For the majority of these cases, tumors develop as a result of accumulated somatic mutations, of which
thousands of clinically relevant combinations exist. To better understand this process the greater scientific and
medical community has performed large-scale molecular profiling of patient samples. Such studies have
identified a comprehensive catalog of molecular alterations in the cancer genome. However, the functional
roles of many of these cancer genes still need to be explicitly tested in controlled experimental settings.
Moreover, even fewer genes have been functionally probed for how they affect the tumor micro-environment
(TME), an area of increasing interest and importance. It is therefore imperative to systematically and
quantitatively assess the contribution of each gene on tumor progression and influence on the TME. To this
end we leveraged an unbiased genome-scale CRISPR-Cas9 screen and identified and validated drivers of
tumorigenesis in the in the context of liver hepatocellular carcinoma or (HCC). Of these drivers, Prkar1a,
demonstrated robust tumor growth in validation experiments when knocked out in non-tumorigenic hepatocytes
and transplanted into Nu/Nu mice. Additionally, Prkar1a’s role in liver cancer, or cancer more generally is not
well understood. Therefore, we chose this gene for further mechanistic interrogation.

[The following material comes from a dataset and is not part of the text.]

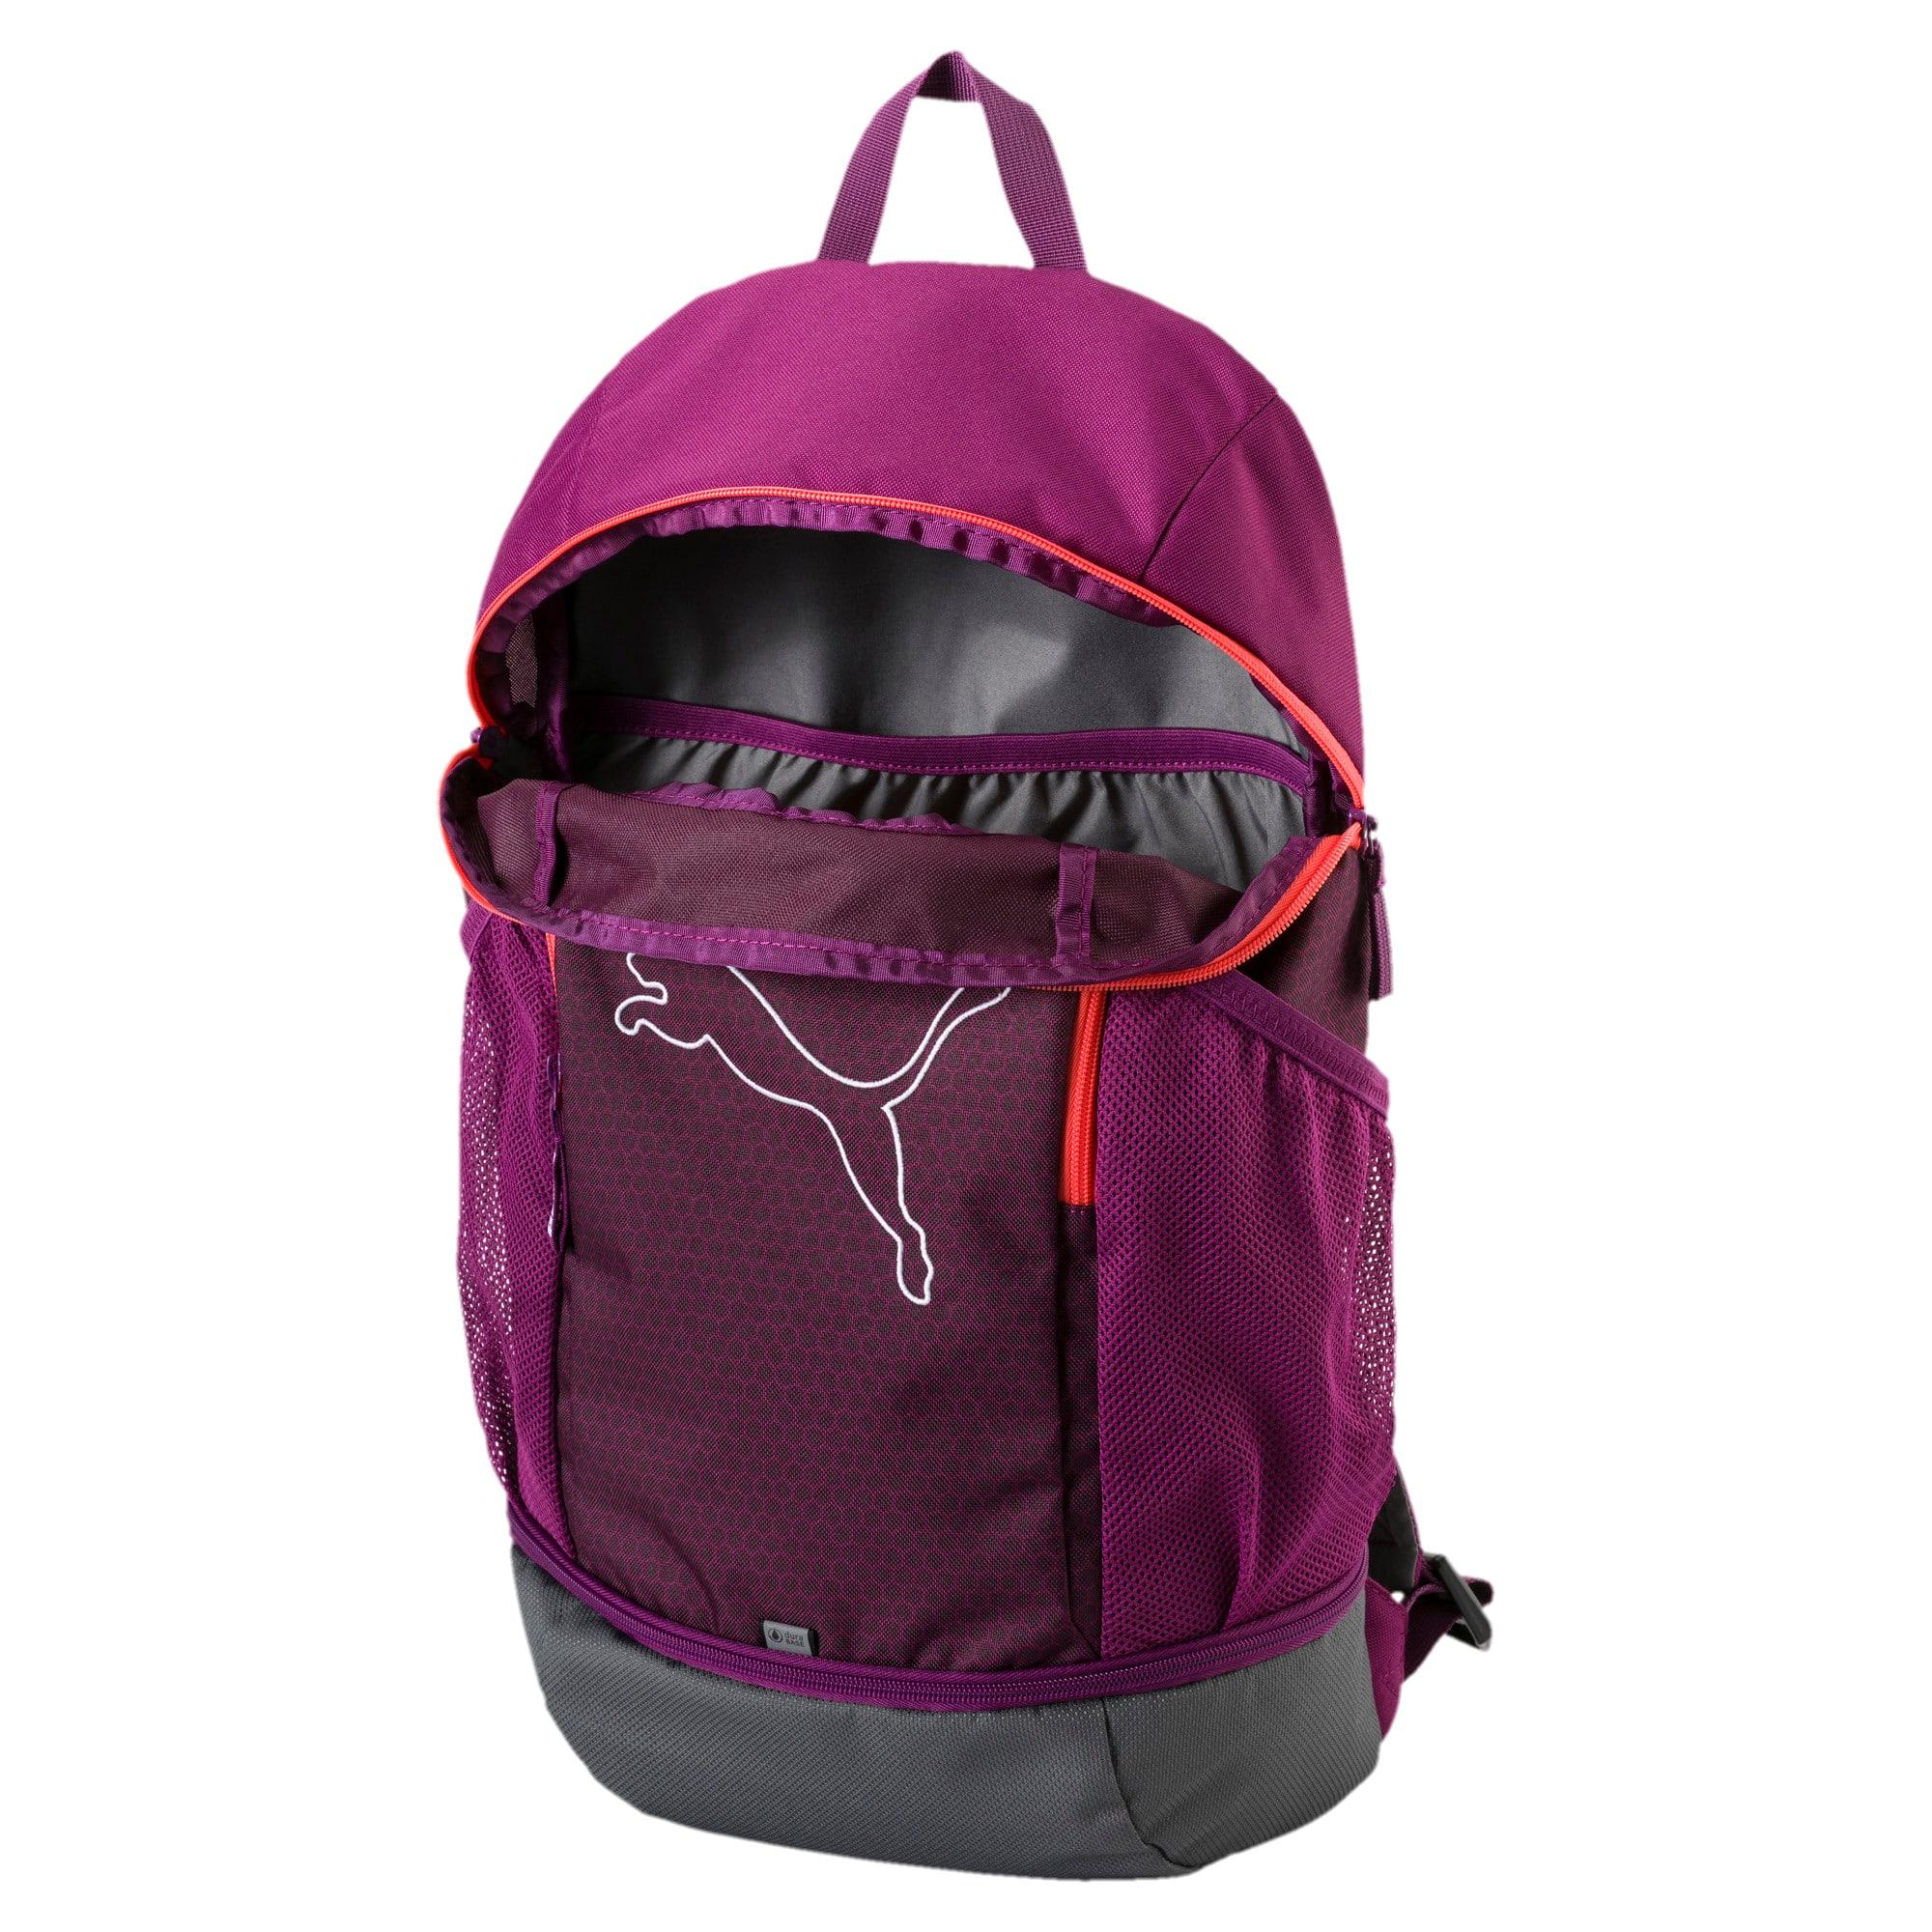 Thumbnail 3 of Echo Backpack, Dark Purple-Hot Coral, medium-IND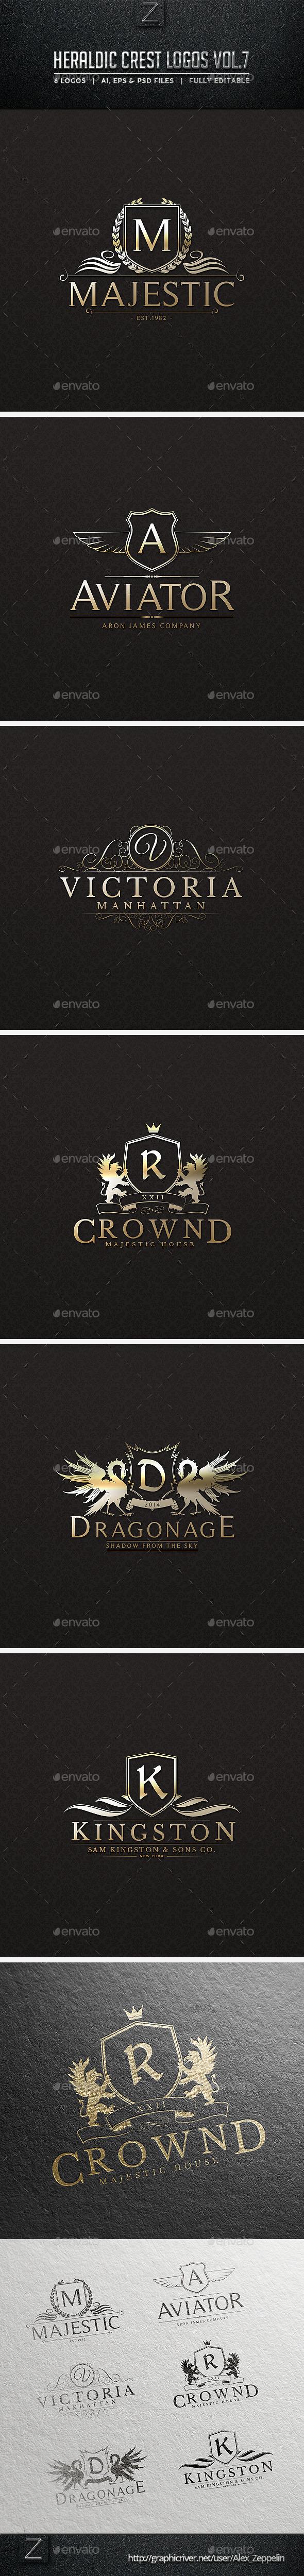 Heraldic Crest Logos Vol.7 - Badges & Stickers Web Elements

In this proposal we will
further probe the importance of Prkar1a for their role in liver tumorigenesis through two specific aims: AIM 1:
Interrogate the molecular and cellular mechanism of ECM remodeling by Prkar1a AIM2: Develop
clinically relevant models and dissect the immune landscape of Prkar1a-/- tumors. Together, these
experiments will elucidate how Prkar1a knockout alters the TME, and promotes tumorigenesis in models of
HCC. These findings will provide fundamental insights into Prkar1a-/- tumorigenesis, and assist in therapeutic
development for these tumors.

## Key facts

- **NIH application ID:** 10083636
- **Project number:** 5F31CA236453-02
- **Recipient organization:** YALE UNIVERSITY
- **Principal Investigator:** Adan H. Codina
- **Activity code:** F31 (R01, R21, SBIR, etc.)
- **Funding institute:** NIH
- **Fiscal year:** 2020
- **Award amount:** $8,275
- **Award type:** 5
- **Project period:** 2019-09-30 → 2020-12-15

## Primary source

NIH RePORTER: https://reporter.nih.gov/project-details/10083636

## Citation

> US National Institutes of Health, RePORTER application 10083636, Unbiased discovery and mechanistic interrogation of genetic drivers of malignant transformation (5F31CA236453-02). Retrieved via AI Analytics 2026-05-27 from https://api.ai-analytics.org/grant/nih/10083636. Licensed CC0.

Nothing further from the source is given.